Take the lines below beginning at the line that has "Dimensions : L 150 x D 90 x H 73 cm" and stopping after the line that has "Le projet a", and print them exactly as they are, with no other lines.

Task inputs:
= = = =
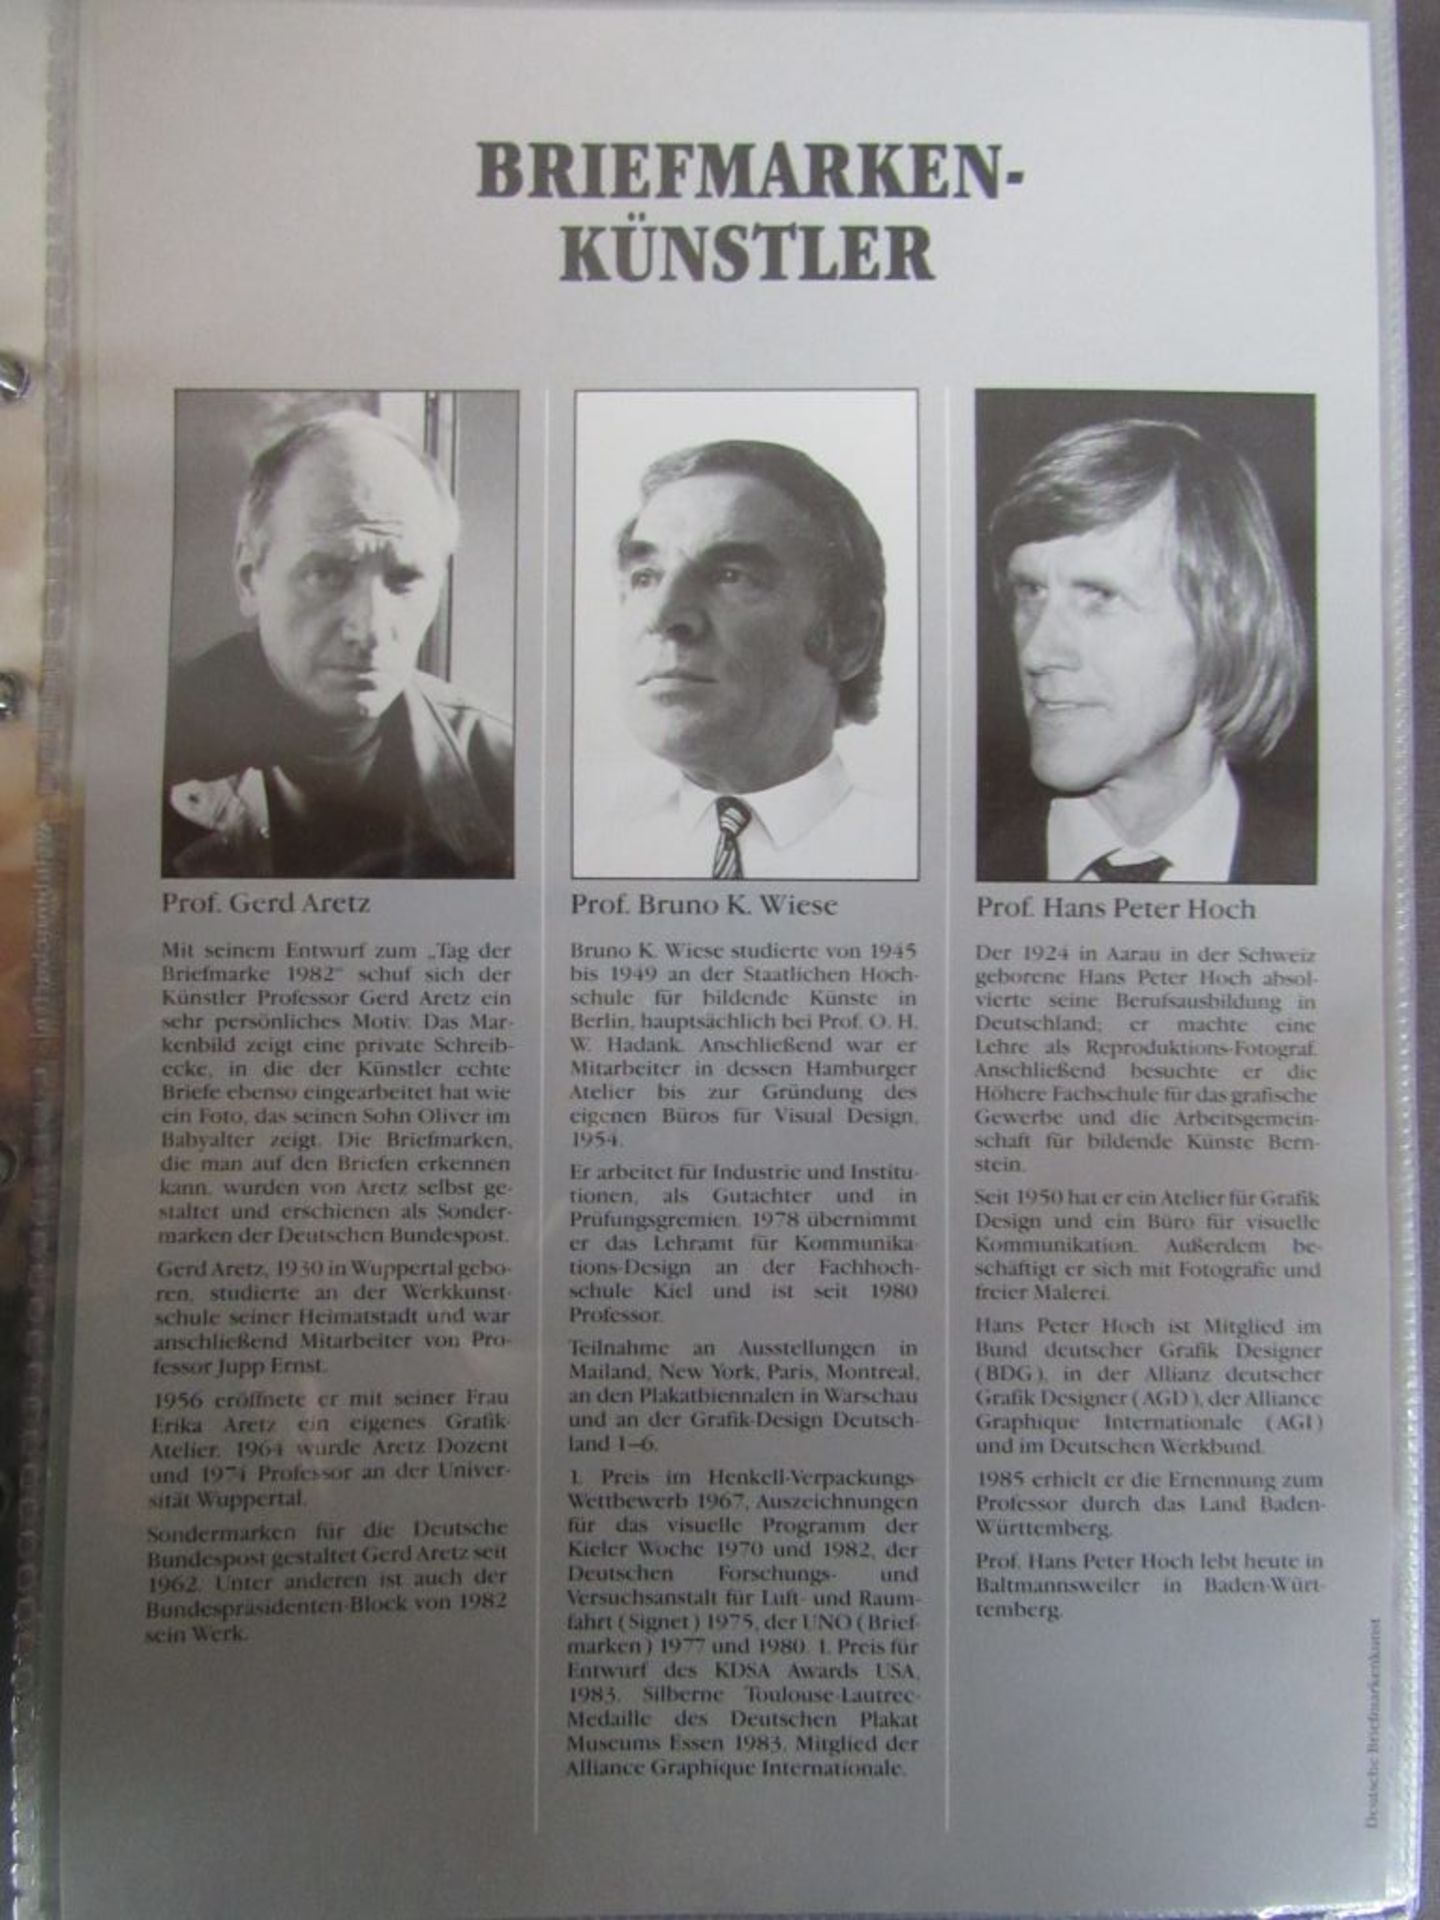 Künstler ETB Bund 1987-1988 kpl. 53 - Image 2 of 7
= = = =
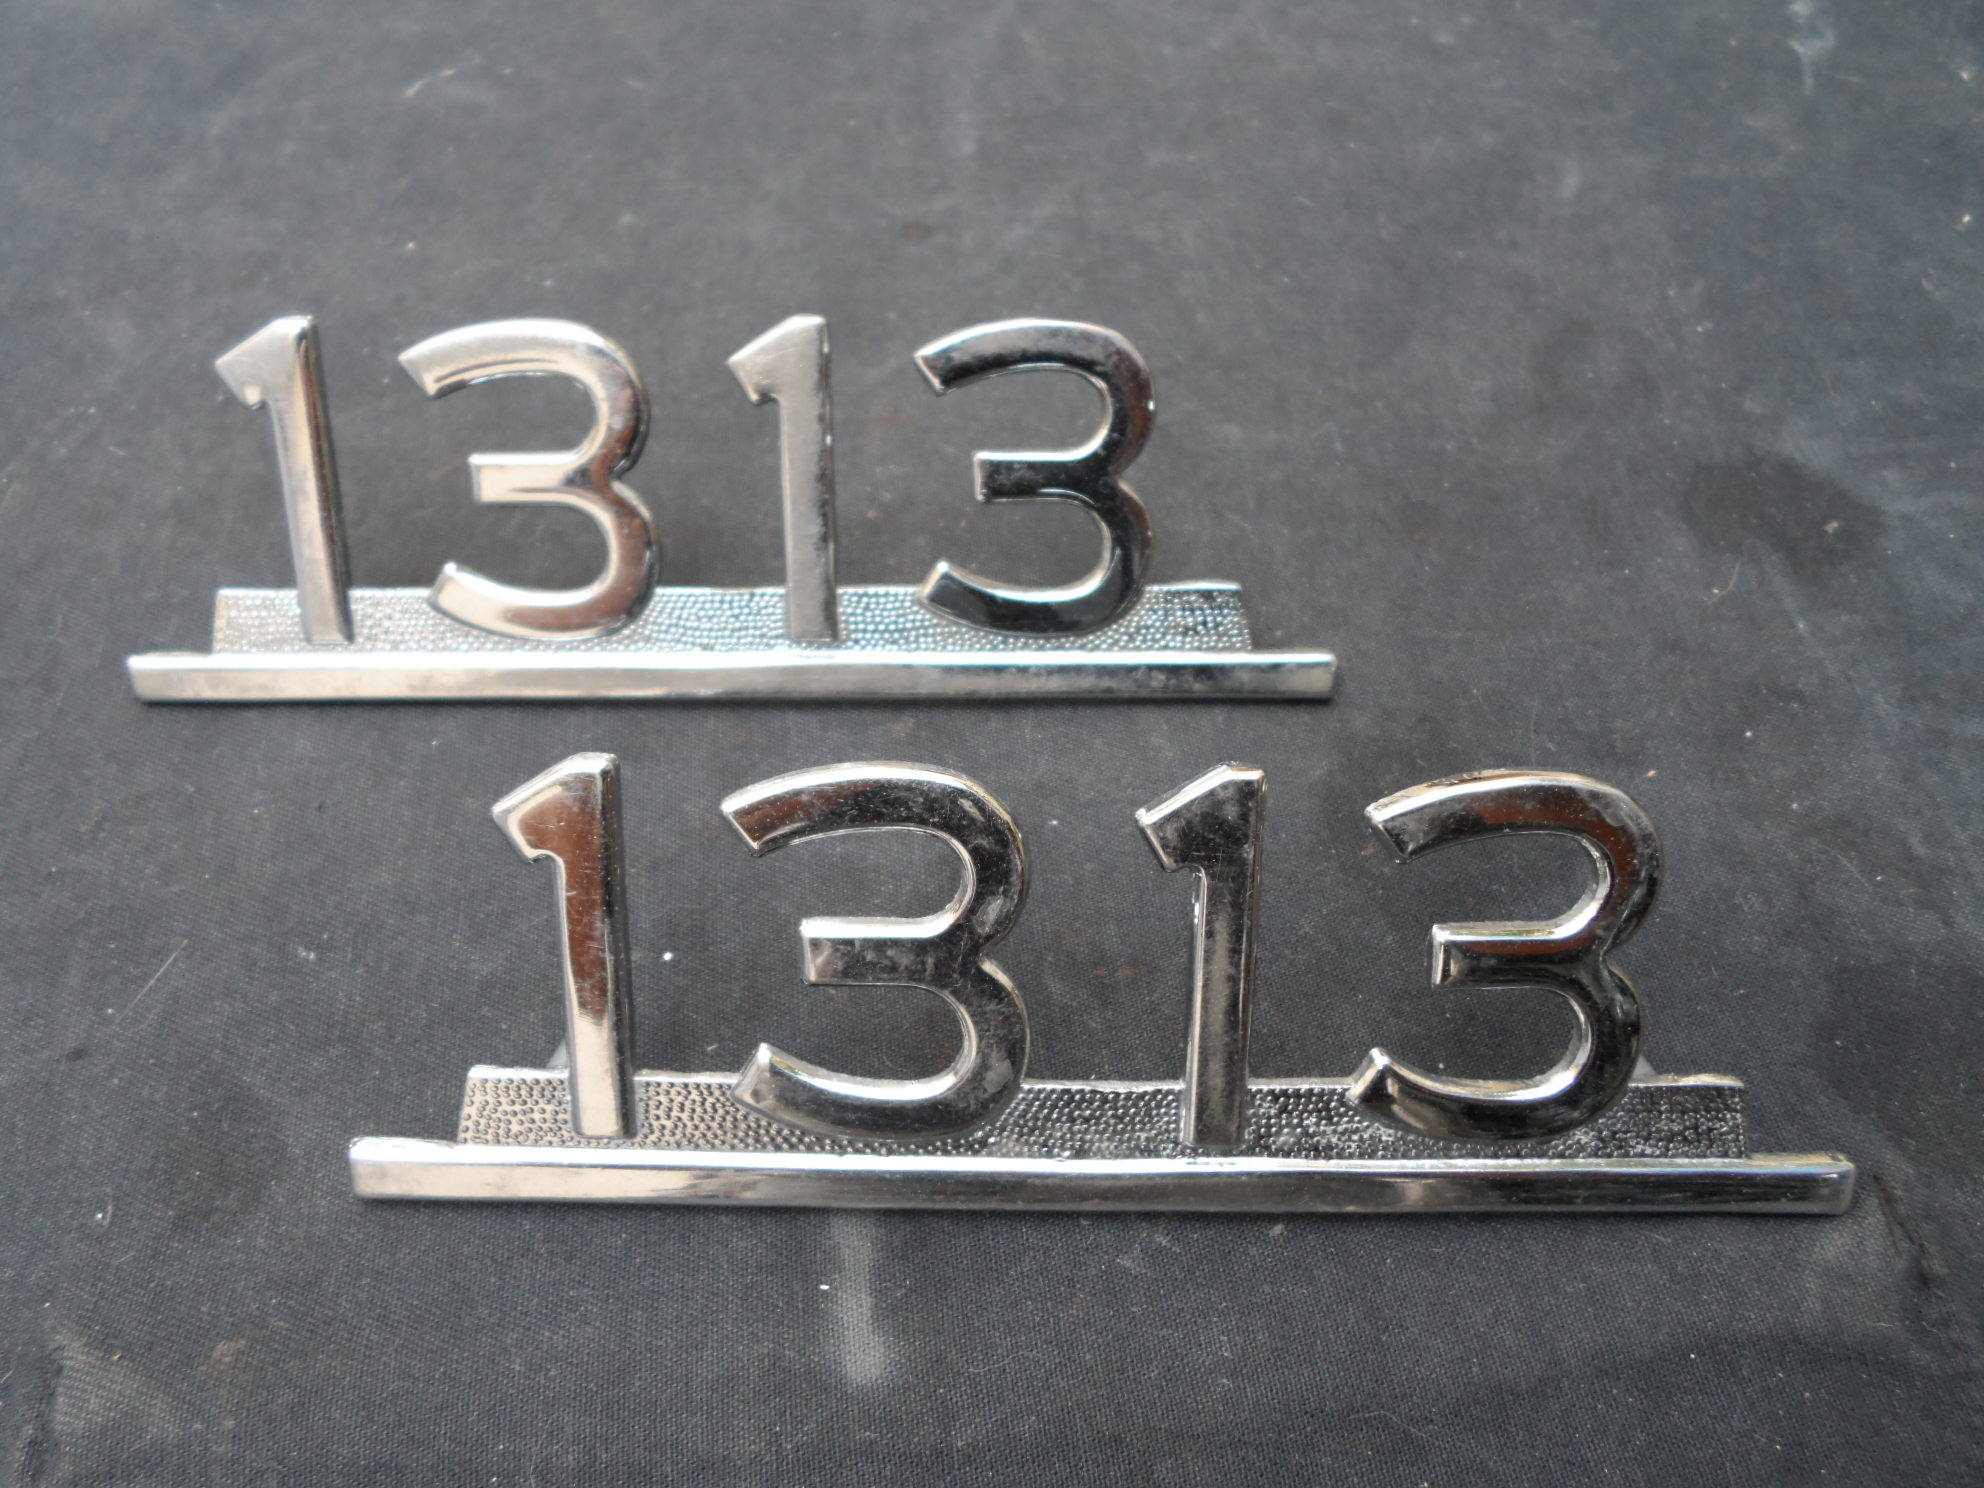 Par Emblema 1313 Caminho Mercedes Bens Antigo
= = = =
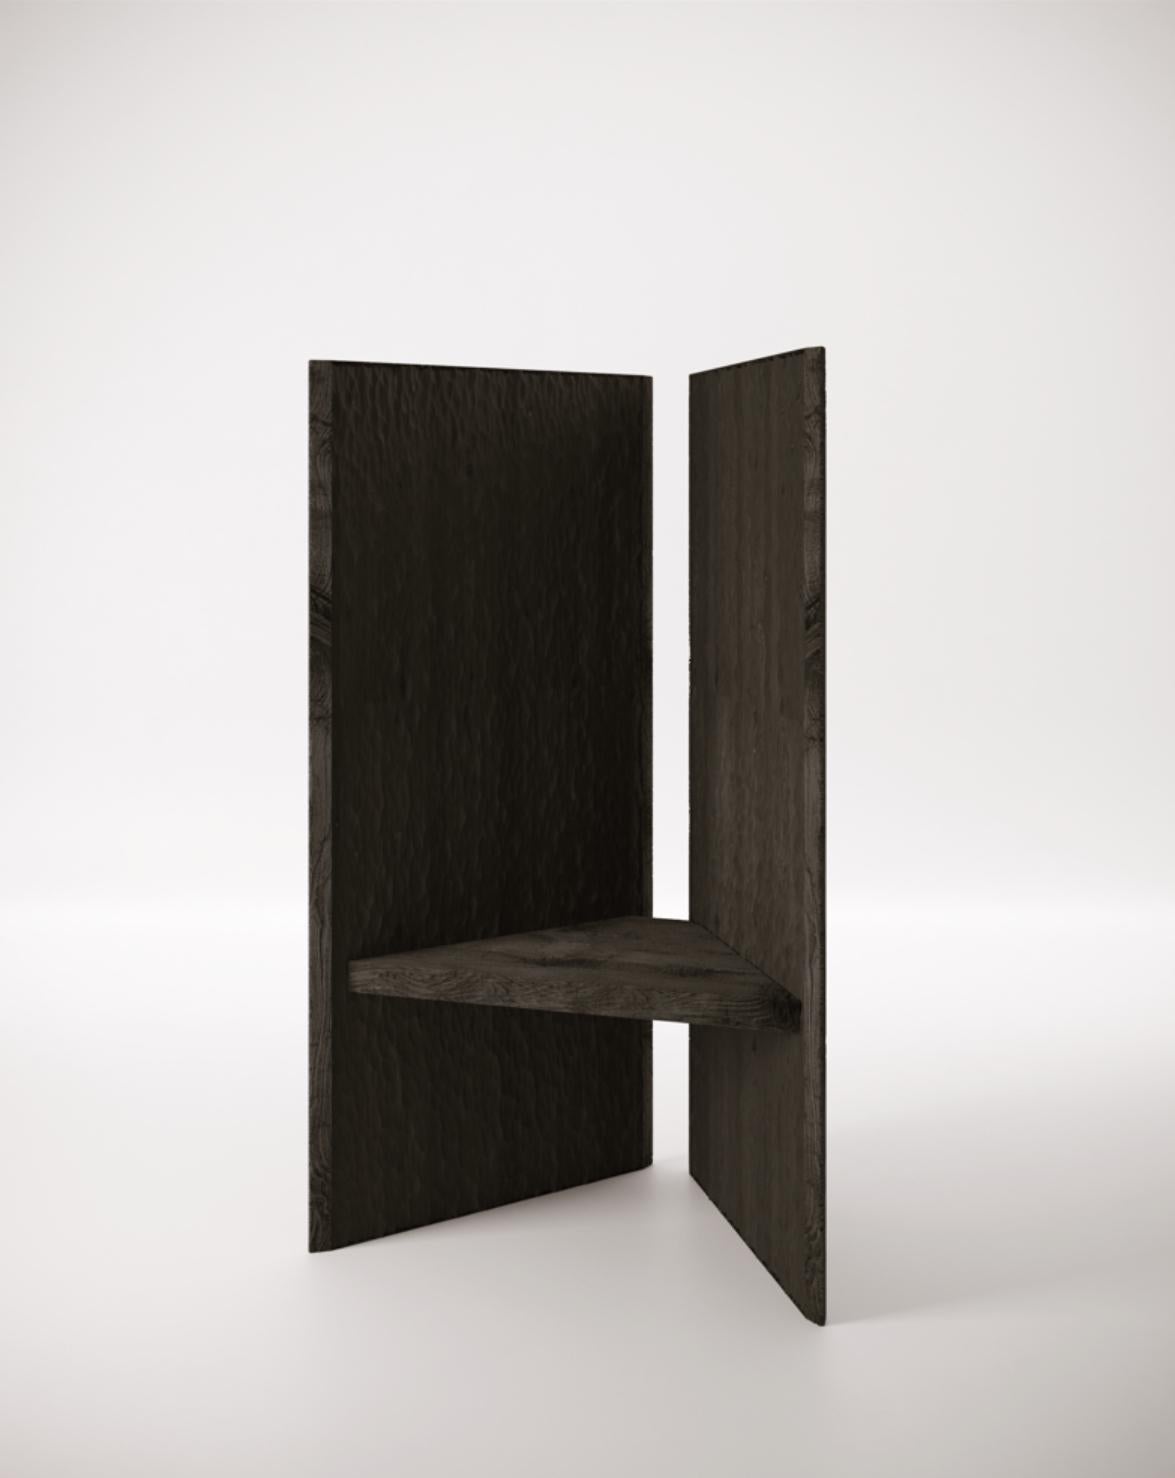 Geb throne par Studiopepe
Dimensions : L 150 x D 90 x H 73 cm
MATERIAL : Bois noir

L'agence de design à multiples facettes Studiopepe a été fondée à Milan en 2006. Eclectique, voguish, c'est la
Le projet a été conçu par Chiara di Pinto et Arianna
= = = =
Your response:
Dimensions : L 150 x D 90 x H 73 cm
MATERIAL : Bois noir

L'agence de design à multiples facettes Studiopepe a été fondée à Milan en 2006. Eclectique, voguish, c'est la
Le projet a été conçu par Chiara di Pinto et Arianna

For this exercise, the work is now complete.